Aneurysm of the ductus arteriosus (ADA) is an infrequent but potentially life-threatening condition characterized by saccular or fusiform dilation of the ductus arteriosus above the 95th percentile for gestational age.1 It is typically observed in fetuses in the late third trimester of pregnancy and often undergoes spontaneous resolution. However, complications such as spontaneous rupture of the aneurysm and thromboembolic complications have been described.
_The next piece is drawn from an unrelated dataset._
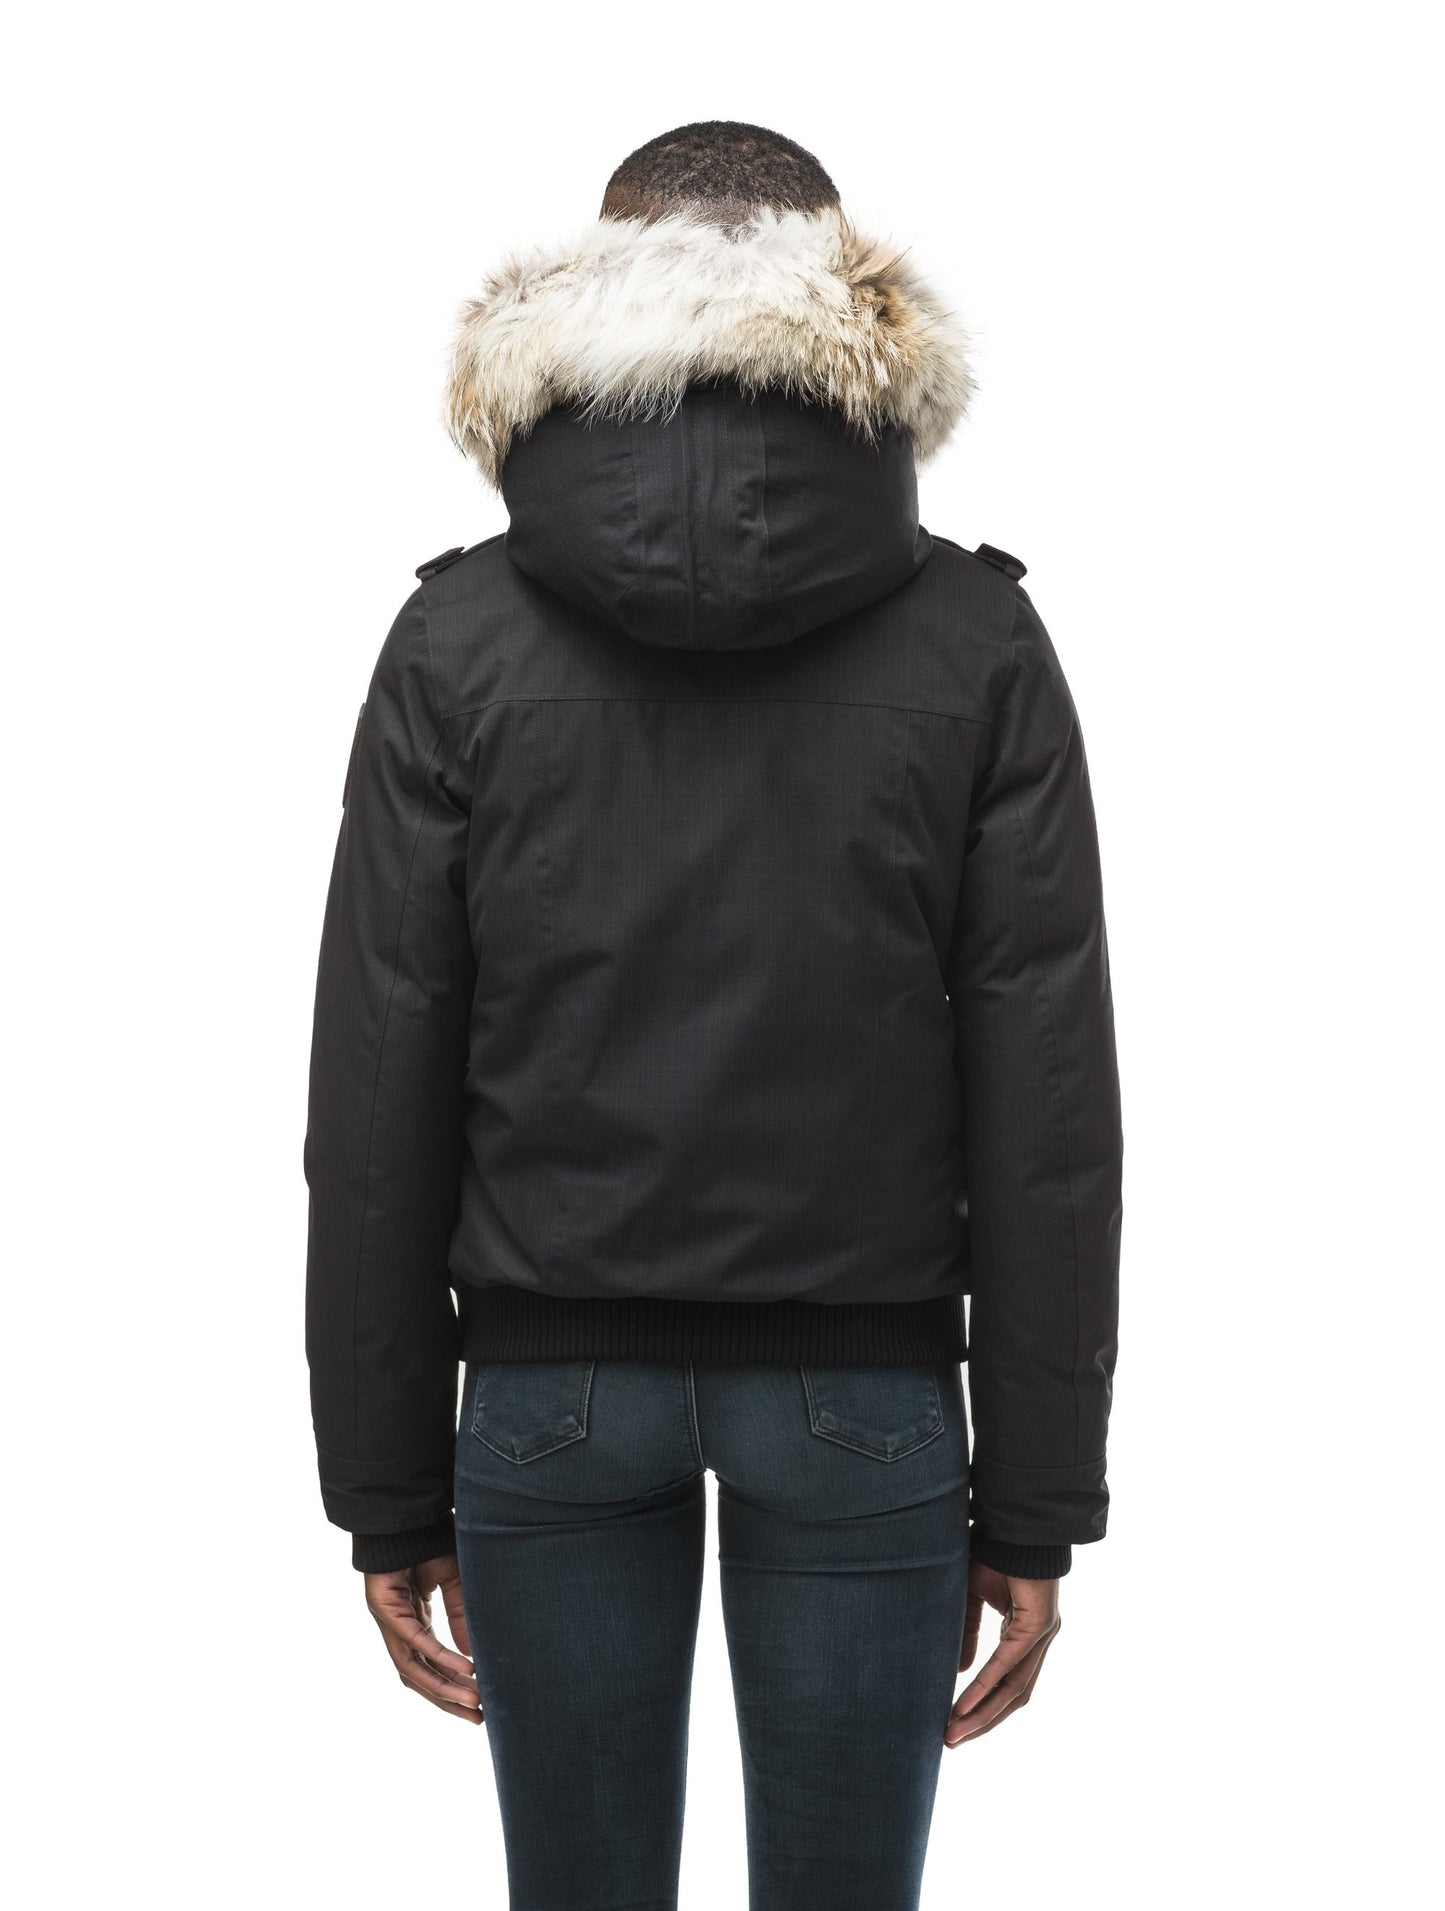 Women's bomber style down filled jacket with a removable hood and fur trim in CH Black

Surgical intervention is only performed in specific situations, as mentioned previously.1,2 ADA has also been associated with genetic anomalies (trisomy 21, 13, Smith-Lemli-Opitz syndrome) and connective tissue disorders (Marfan syndrome, Ehlers-Danlos syndrome, Larsen syndrome).3,4 We believe it is interesting to show our experience in this rare pathology.

Clinical case

This concerns a 27 year old woman, feat 2, birth 0, abortion 1, with no significant medical history, currently at 35+5 weeks of gestation under obstetric care. She was referred to the fetal exploration unit due to suspicion of fetal cardiac malformation and tricuspid regurgitation. The fetal echocardiogram showed a structurally normal heart with mild tricuspid regurgitation, and no signs of heart failure were detected. Both ventricles exhibited good function. A dilated ductus arteriosus with an "S" shape measuring 10mm in length was observed, with a pulmonary end diameter of 3.2mm and an aortic origin diameter of 3mm (Figure 1 & 2). Ductal velocity was measured at 160cm/s. At the 37+6 weeks’ gestation evaluation, no significant changes were found compared to the previous fetal echocardiogram, with normal umbilical Doppler. The mother had a history of taking paracetamol at 29 weeks of gestation, every 8 hours for two days, due to a viral illness.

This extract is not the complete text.